The White House gives the same number as Globalsecurity. This leaves out the numbers that fled into Turkey or 'disappeared' as some sources claim.
I found that when Professor Ramesh Thakur gave a lecture in Waterloo on the International Commission on State Sovereignty (he was a member of that group and also a Vice rector at the United Nations University), entitle, the Responsibility to Protect, that he provided more flexibility then you.
For the actual report, see http://www.dfait-maeci.gc.ca/iciss-ciise/menu-en.asp. It also has the background research.
Here is part of the report
4.19 In the Commission's view, military intervention for human protection purposes is justified in two broad sets of circumstances, namely in order to halt or avert:
1. large scale loss of life, actual or apprehended, with genocide intent or not, which is the product either of deliberate state action, or state neglect or inability to act, or a failed state situation; or
2.large scale "ethnic cleansing," actual or apprehended, whether carried out by killing, forced expulsion, acts of terror or rape.
One such quote that I recall was "by not taking action, we are more complicit than those who committed the actions themselves." Referring to the genocide of the Tutsi's in 1994. Prof. Thakur reminded several of us in the room that we we must remember that political decisions are still going to be made and thus a "double standard is unavoidable" - as noted by the UN (and Canada's) reaction to Somalia, Rwanda, and Kosovo.
While I am sure he would have supported the UN in this matter, I feel that some of the arguments do carry over.
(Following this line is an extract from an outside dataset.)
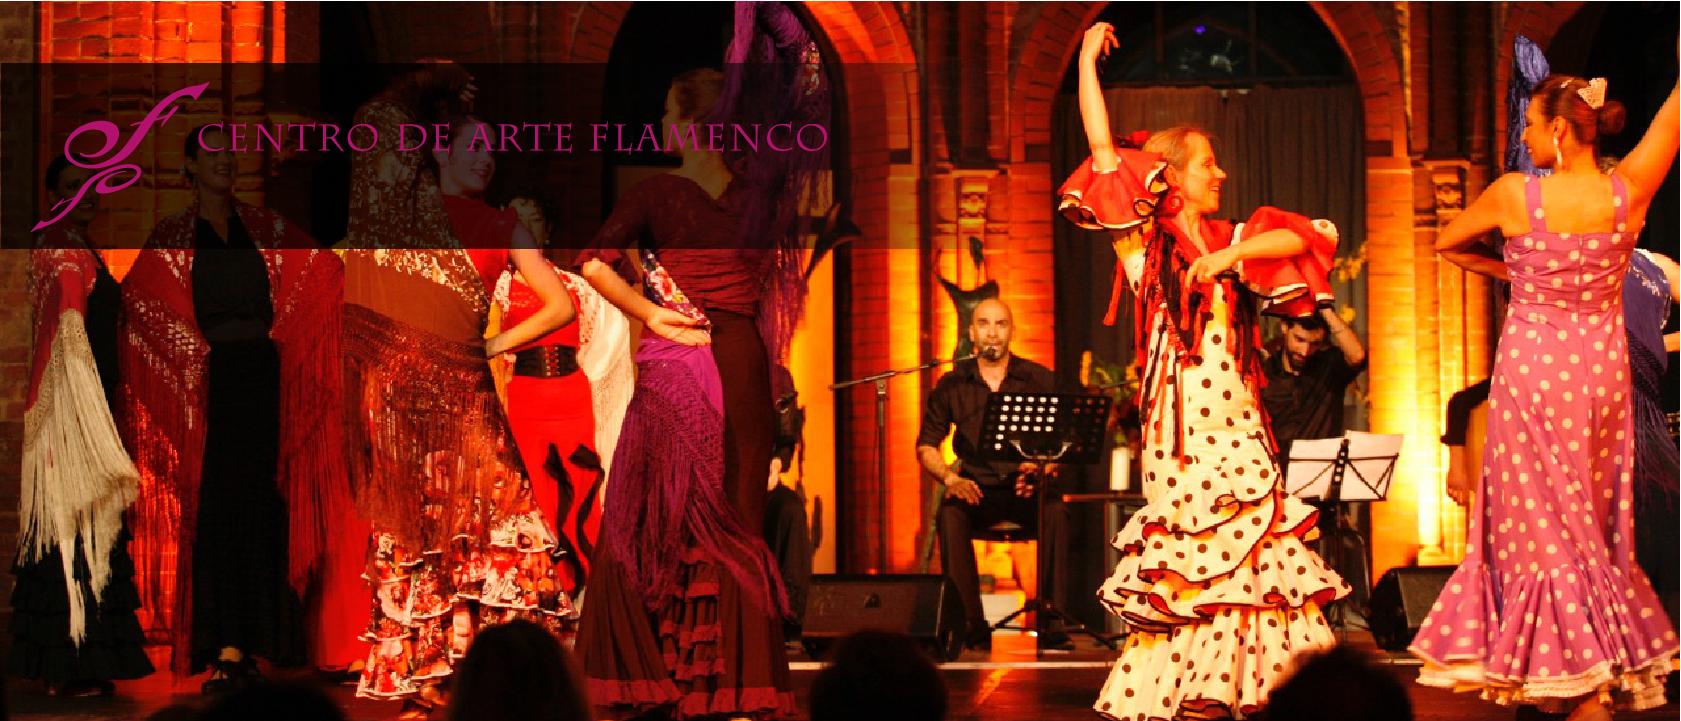 Neuer Flamencokurs für Anfänger ab Oktober 2020

When we see the slow death of the Iraqi people due to the actions of the government, when we see the Kurds in the north living under the threat of their own government, when Saddam has proven he is willing to use WMD against his own people, when we see that the borders of neighbours will be violated given the chance, I am not sure how much longer we as a nation should let one person push the us to the very edge of what is acceptable international behaviour.
With a commitment to rebuild a shattered nation (I wish the Afghani people had the same level of public support as the Iraqi people), I think this war can be justified. Even though several of the people in the academic world that have given me several of my arguments I know would disagree me.